Dice María Augusta Vintimilla que “Es admirable la precisa composición de cada poema...” y asimismo, que el libro está “enraizado en sus poemarios anteriores, algunas de cuyas líneas maestras continúa –como ese diálogo con un extenso registro de textos culturales-, pero también con aperturas que dejan vislumbrar nuevos comienzos...”

Sí, Zapata llega en No hay naves para Lesbos a un punto de alta calidad en los textos que conforman el poemario; trabaja sobre motivos que estaban en sus otros títulos, en especial, por supuesto, la cultura, una de sus más altas y hondas pasiones, y lo hace cada vez con mayor dominio del oficio y el instrumento lingüístico, y más bien con pocas falencias, lo que nos permite afirmar que este libro es el anuncio contundente de la madurez que ha alcanzado el autor, manteniendo una línea estética, una concepción del mundo, una forma de enfrentar la vida y el arte, contradictorias, dialécticas, transgresoras, pero profundamente personales.

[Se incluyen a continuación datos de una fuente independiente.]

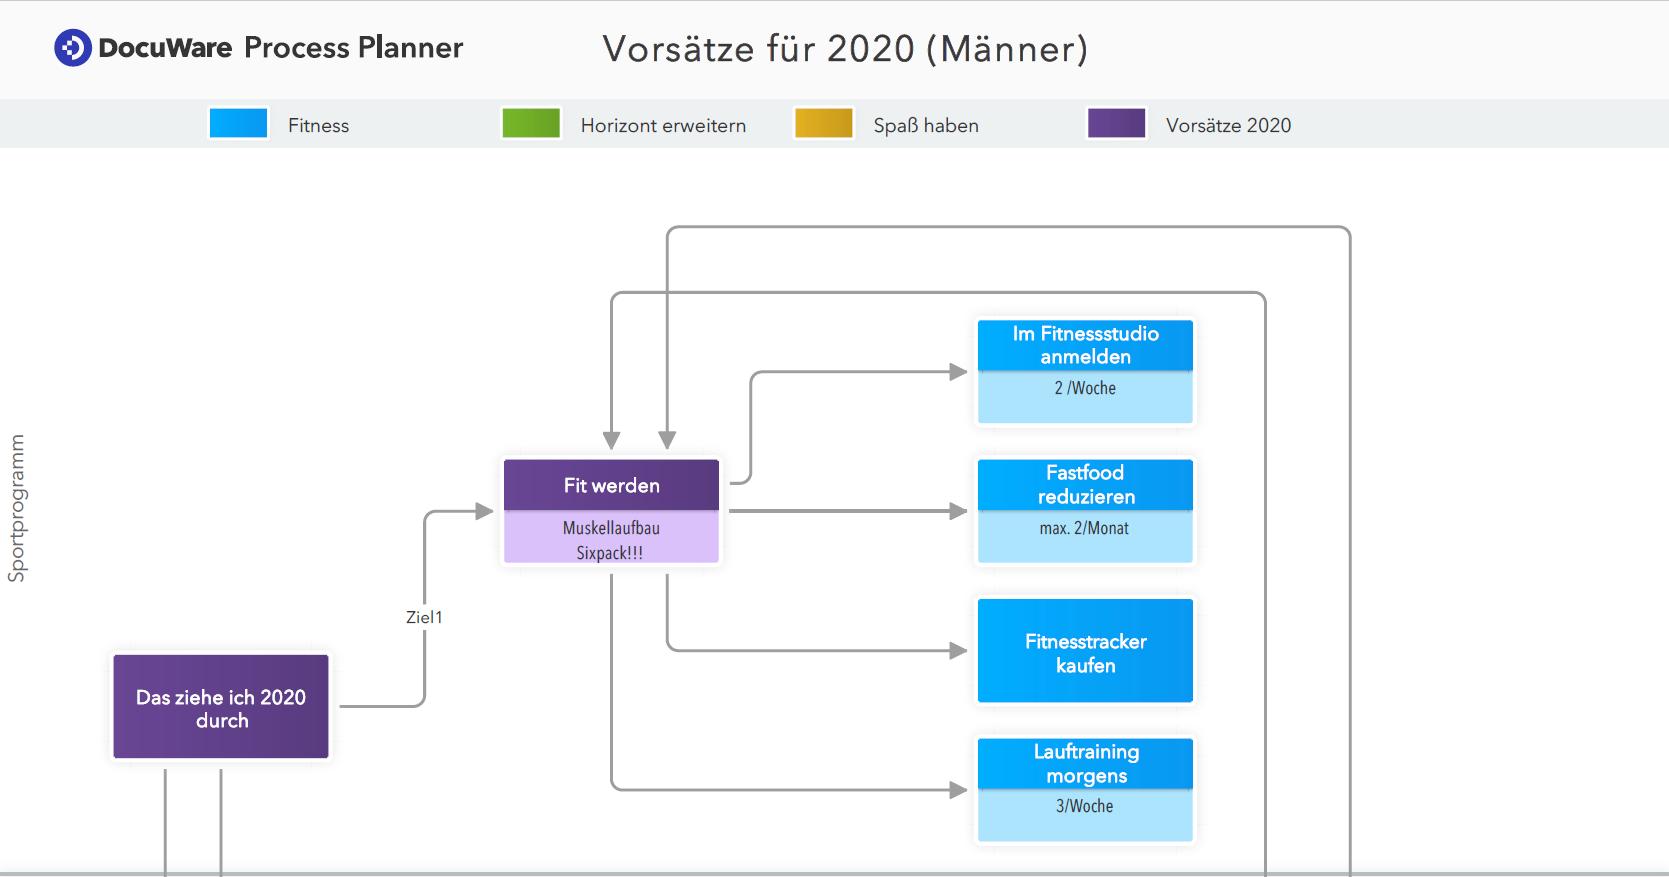 C_Vorsätze für 2020 (Männer)  (1)

No hay naves para Lesbos es la concreción de un hacer lírico, exigente, basado en un trabajo incansable sobre los textos; es la negación absoluta del impromtu, de la improvisación, y es la celebración de los temas en las formas más acabadas de la poesía contemporánea no solo de Cuenca, sino del país.

Nos sentimos verdaderamente orgullosos de entregar este libro a unos lectores cultos, ávidos, críticos, y conscientes de que la poesía es una materia en constante evolución; obra que confirma una vocación literaria labrada a fuego, en el centro mismo del cuerpo, el corazón y el talento de un gran autor.